In 2000, Secolo appointed its first woman editor-in-chief, Flavia Perina. She introduced reporting and editorials on feminism and ecology, and reached to Islamic citizens of Italy. In 2009, the newspaper campaigned for the investigation into the homicide of a 31-year-old man who died while in police custody, in Rome, after being arrested for possession of drugs, a case that "gripped the country." On the controversial issue of immigration, Perina published editorials in support of granting Italian citizenship to non-European Community citizens who've been residing in the country for five years or more.

In January 2011, Secolos editor-in-chief co-signed, along with women of all ideological persuasions, an open letter that denounced "the repeated, indecent, ostentatious representation of women as a naked object of sexual exchange offered by newspapers, televisions, and advertisements". The same year, she co-authored along with Partito Democratico MP Alessia Mosca the essay "A dialogue on power, rights, family, in the most male-dominated country in Europe" in response to the "Rubygate" scandal.

In 2007, with Silvio Berlusconi having fallen from power, Alleanza Nazionale merged with Forza Italia to create a "centre-right" grouping, "the People of Freedom" (Popolo della Libertà or PdL), which went on to win the 2008 parliamentary election, returning Berlusconi to power.

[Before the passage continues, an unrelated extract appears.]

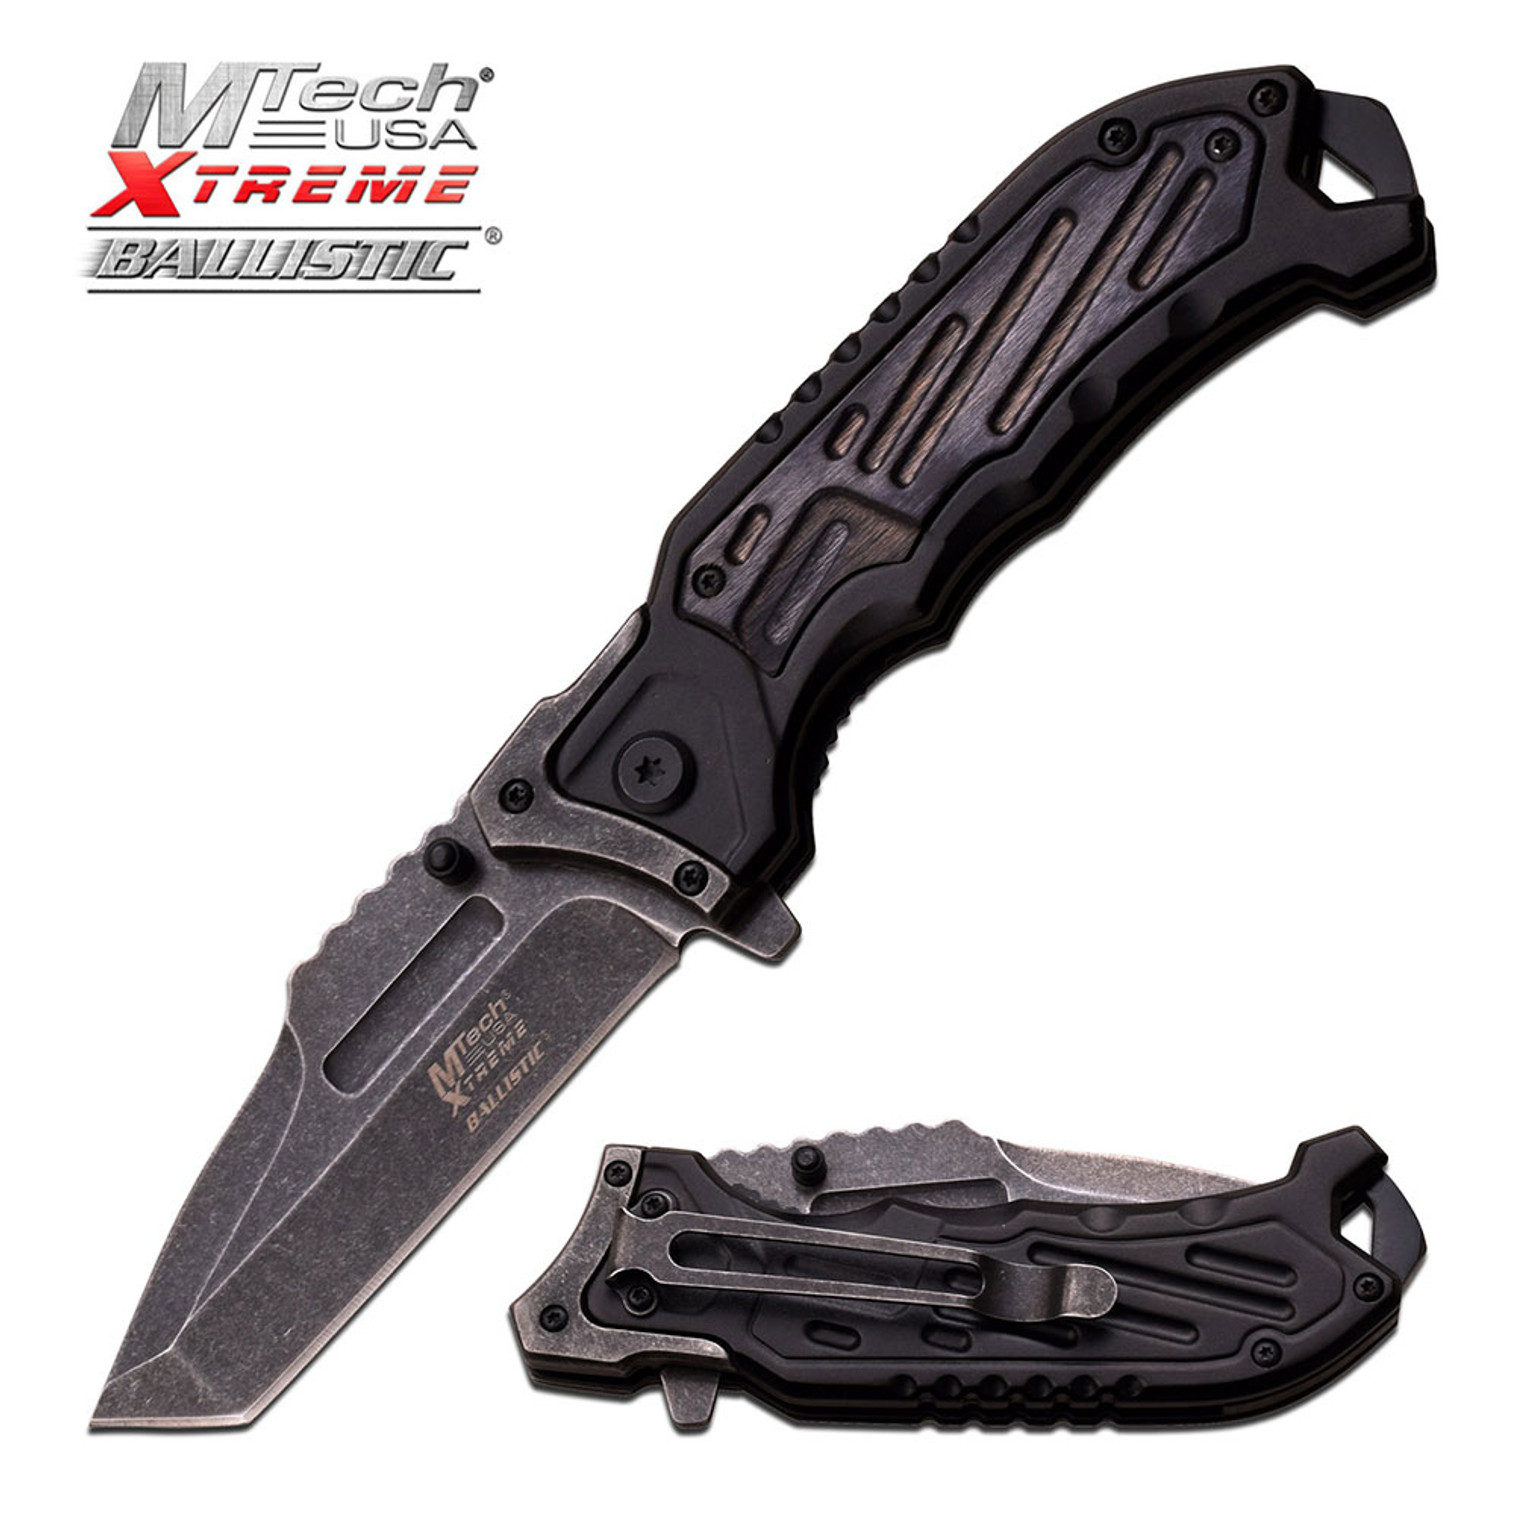 Mtech Xtreme MXA851GWP Folding Knife Assisted Opening
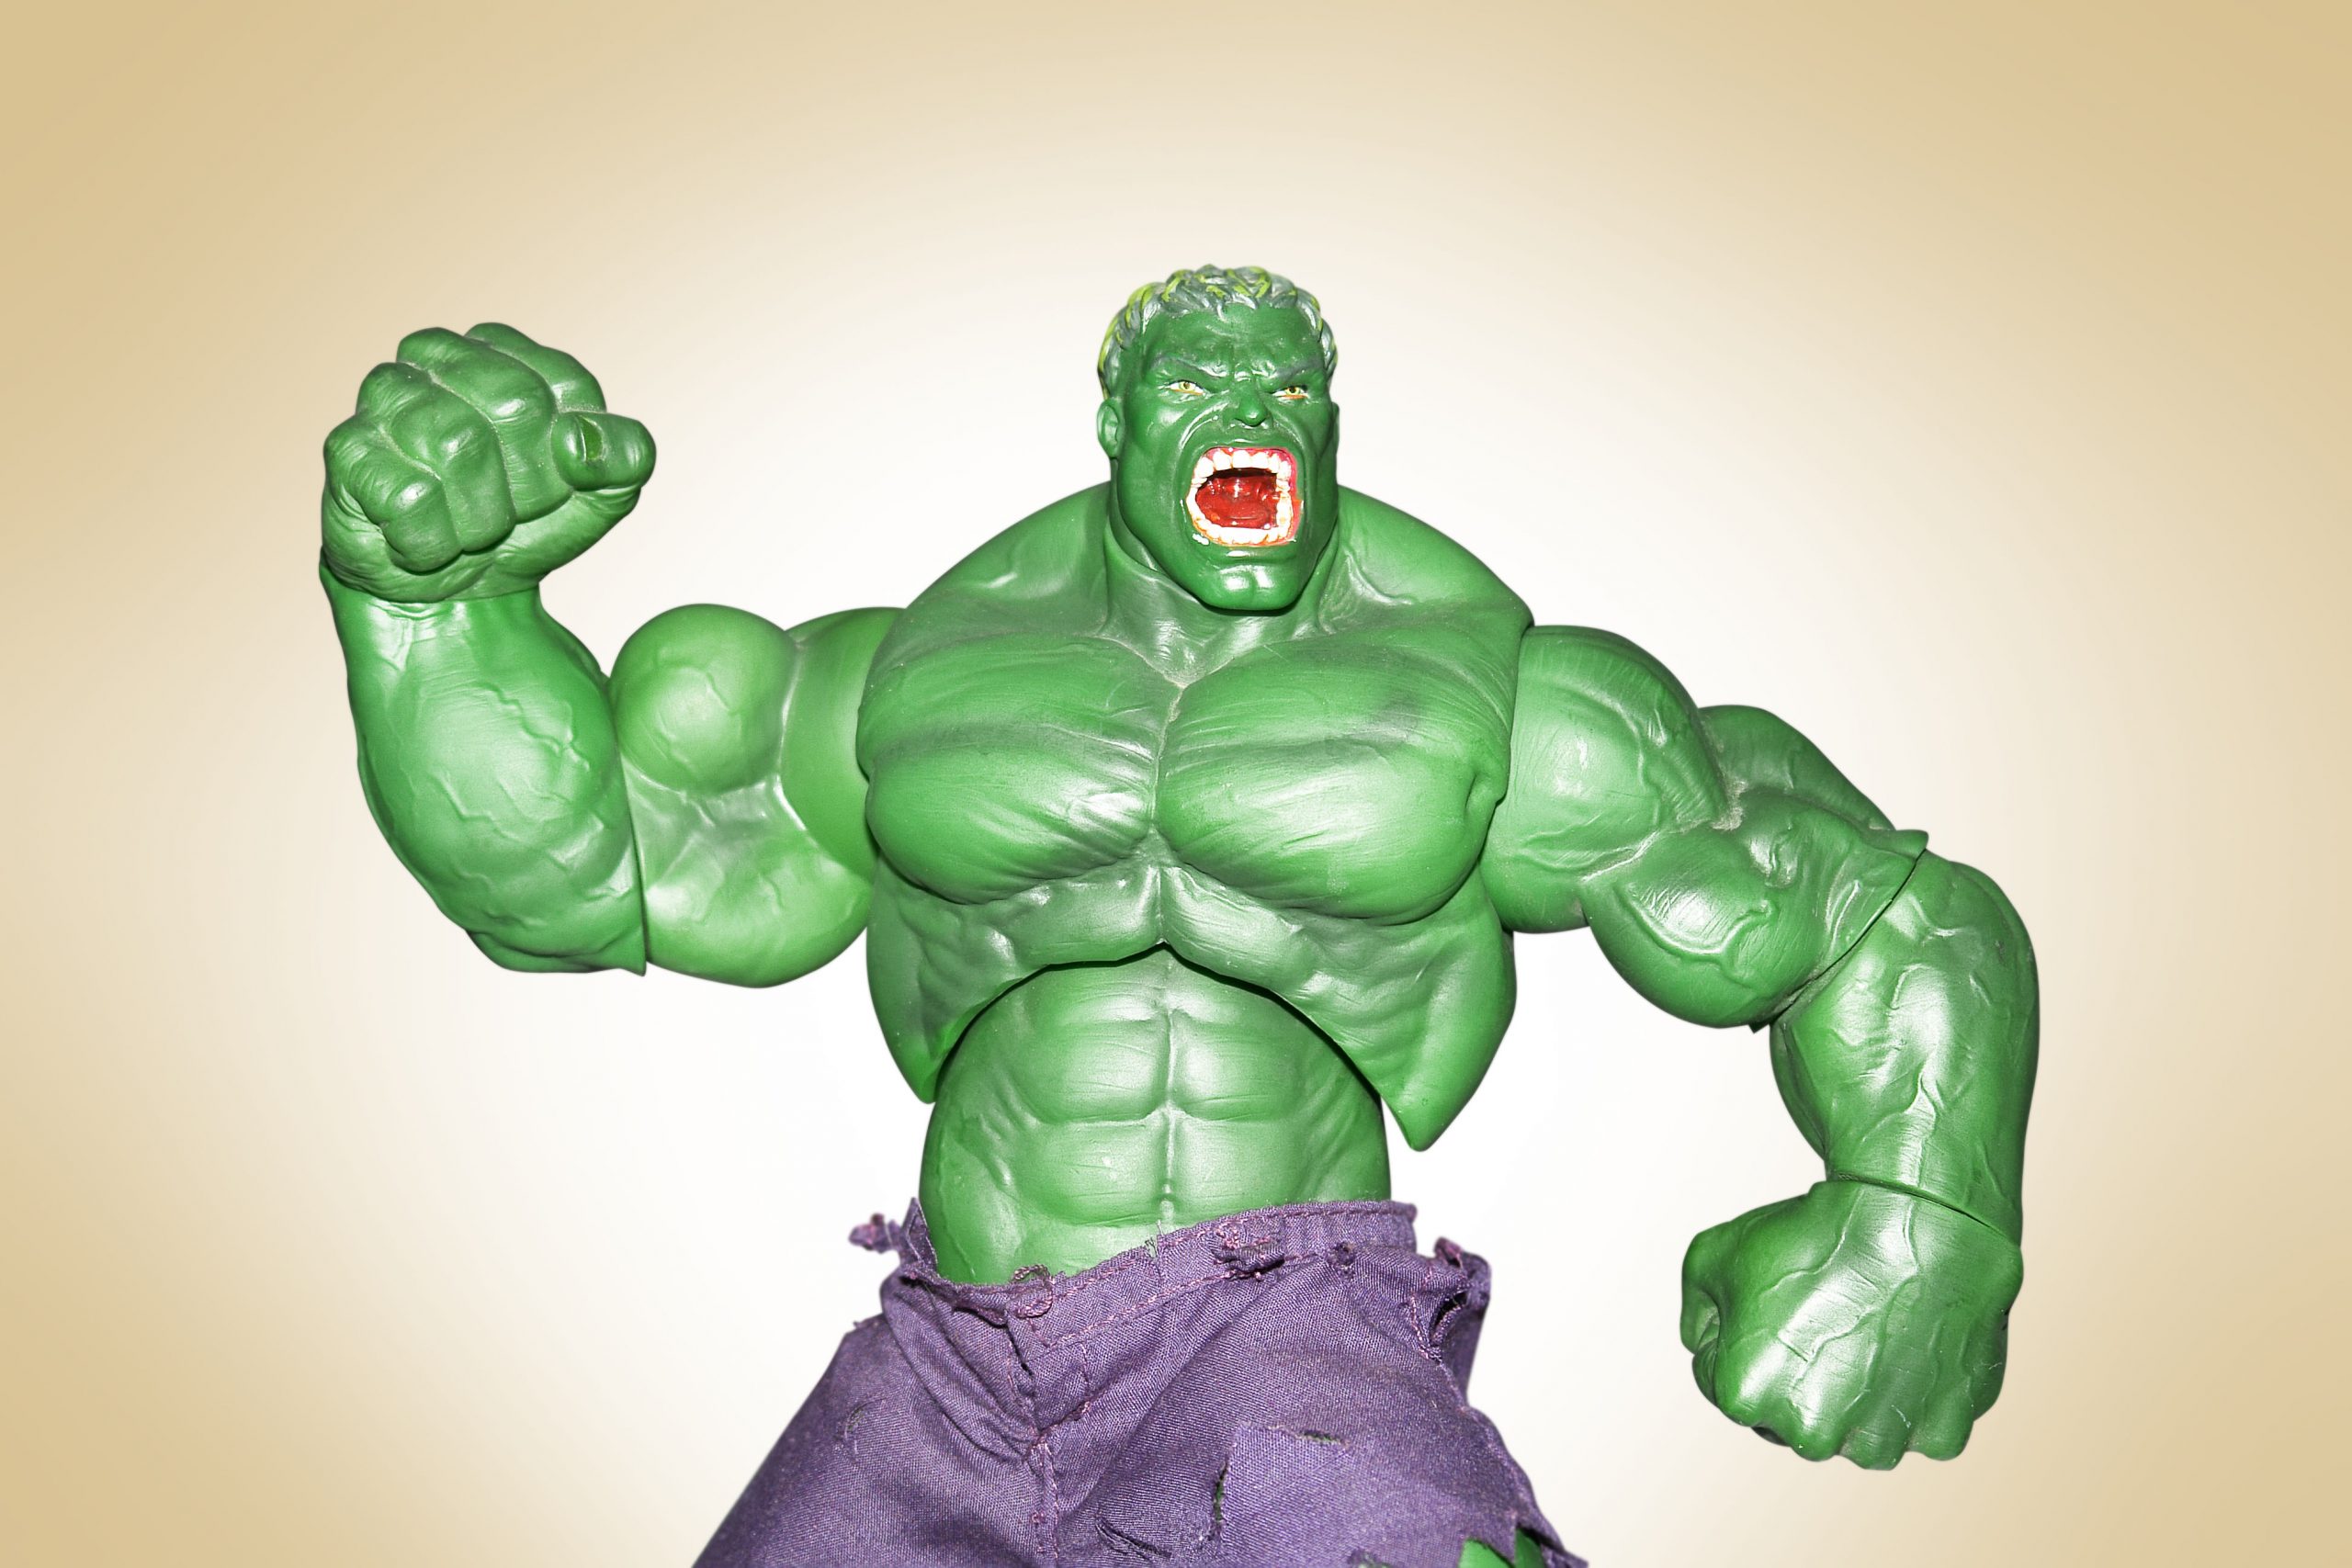 The Hulk Factor

In 2010, disagreements on policy between Fini and Berlusconi caused Fini and most of his supporters to leave PdL. In March 2011, Perina was sacked from the position of Secolo d'Italia editor-in-chief by decision of its board of directors, chaired by Giuseppe Valentino and composed mostly of Alleanza members. She was asked to remain as political commentator but refused. Luciano Lanna and culture editor Filippo Rossi also left the newspaper with her. Former Secolo editor Enzo Raisi denounced Perina's sacking, stating that it's "a shame for the freedom of the press." She was replaced by Alleanza member and parliamentarian Marcello De Angelis.

==Online years==
In December 2011, the newly sworn-in government of Mario Monti announced significant cutbacks to the subsidies historically dispensed to the newspaper industry, a move that hit especially hard titles with small circulations. In May 2012, the government announced tax credits and other supportive measures for online newspapers and magazines. In November 2012, a four-month freeze on salary payments in Secolo d'Italia was lifted after the liquidity problems were resolved. The financial plan included passing the newspaper's ownership from the bankrupt A.N. Association to a new company, the A.N. Foundation, and it was formulated by president Franco Mugnai, general secretary Antonio Giordano, board chairman Tommaso Foti, and managing director Alberto Dello Strologo, with the consent of the members appointed by the court during the bankruptsy-protection process.

On 21 December 2012, Secolo d'Italia ceased its print edition and became an online-only publication.

Italo Bocchino took over as editor-in-chief on 14 June 2014. In 2020, the Federazione Italiana Editori Giornali for online-newspaper publishers elected him as vice president. Οn 23 January 2019, Francesco Storace, former leader of the party La Destra ("The Right"), replaced him. One year later, Storace left to join Il Tempo as assistant editor-in-chief, replaced temporarily by Girolamo Fragalà. Italo Bocchino returned in 2020 and went on to become the Secolo d'Italia editor-in-chief with the most years in that position.